Doubletree Chocolate Chip Cookies are a deliciously soft and chewy cookie packed with semi-sweet chocolate chips and chopped walnuts. Featuring the unique addition of ground oats and a hint of cinnamon, these cookies require chilling to develop perfect texture and flavor before baking.
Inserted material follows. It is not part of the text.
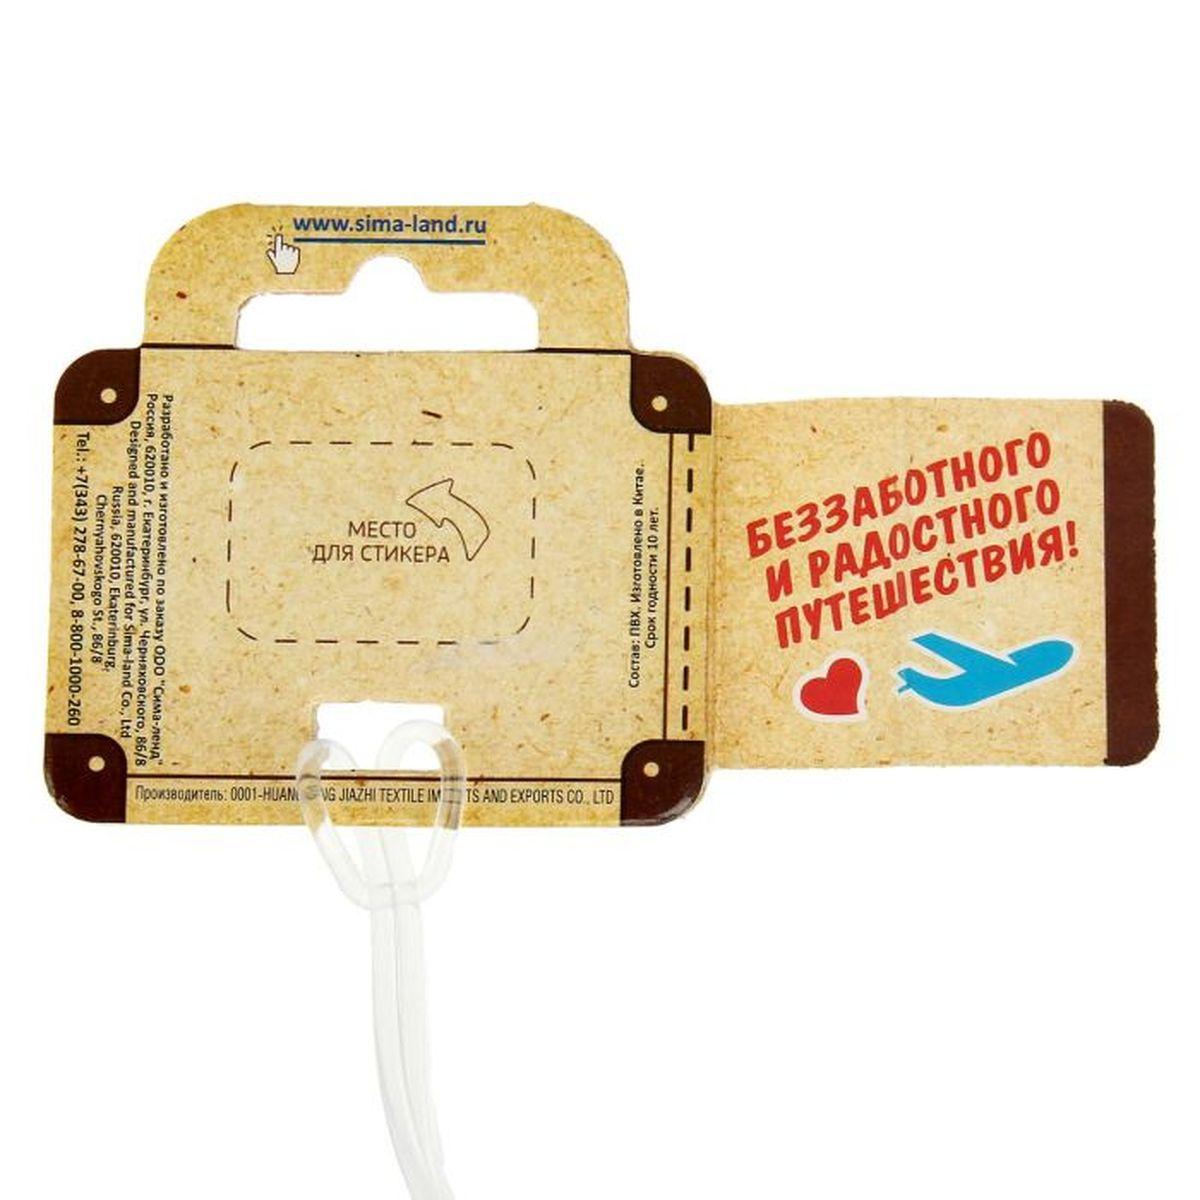 "Бирка на чемодан Sima-land ""Руки прочь"", 6,5 х 11 см. 1156276"

Ideal for cookie lovers seeking a classic, satisfying treat with a homemade touch.

Ingredients

Dry Ingredients

  • ½ cup old fashioned oats
  • 2 ¼ cups (279g) all-purpose flour
  • 1 teaspoon baking soda
  • 1 teaspoon salt
  • ¼ teaspoon ground cinnamon

Wet Ingredients

  • 1 cup (226g) unsalted butter, melted
  • ¾ cup (150g) brown sugar, packed
  • ¾ cup (150g) granulated sugar
  • 1 teaspoon vanilla extract
  • ½ teaspoon lemon juice
  • 2 large eggs

Add-Ins

  • 3 cups (510g) semi-sweet chocolate chips
  • 1 ½ cups chopped walnuts

Instructions

  1. Grind Oats and Mix Dry Ingredients: Place the old fashioned oats in a small food processor or blender and grind them until powdery. Transfer to a medium bowl and whisk together the ground oats, all-purpose flour, baking soda, salt, and ground cinnamon. Set this dry mixture aside.
  2. Combine Wet Ingredients and Mix: In a separate bowl, stir together the melted butter, brown sugar, and granulated sugar until smooth, either by hand or using a stand mixer. Add vanilla extract, lemon juice, and eggs, mixing on low speed until fully combined and smooth. Then gently fold in the dry flour mixture until just combined; the batter may appear slightly lumpy due to the ground oats. Finally, stir in the semi-sweet chocolate chips and chopped walnuts evenly throughout the dough.
  3. Portion and Chill Dough: Line a cookie sheet with wax paper, parchment paper, or a silicone baking mat. Using a ¼ cup measure, portion the dough into balls and place them on the sheet without spacing them apart, as this is just for chilling. Cover the dough tightly with plastic wrap and refrigerate for at least 4 hours or overnight to allow the dough to firm up and develop flavors.
  4. Prepare for Baking: When ready to bake, preheat your oven to 350°F (175°C). Line baking sheets with parchment paper or silicone mats. Arrange the chilled dough balls spaced well apart on the prepared sheets. Use the palm of your hand to gently press down each dough ball slightly to flatten it.
  5. Bake Cookies: Bake the cookies in the preheated oven for 13 to 17 minutes. Avoid overbaking; they are best when slightly underdone. You’ll know they’re done when the cookie edges turn a light golden brown and the centers are no longer glossy. Remove from oven and allow cookies to cool on the baking sheet for a few minutes before transferring to a wire rack to cool completely.

Notes

  • Chilling the dough is essential to achieve the signature texture and flavor of these cookies.
  • Do not skip grinding the oats as it helps maintain the right crumb texture.
  • Use quality semi-sweet chocolate chips for the best taste.
  • Walnuts can be substituted or omitted if preferred.
  • Store cookies in an airtight container at room temperature for up to one week.
  • Cookie dough can be frozen for up to two months before baking.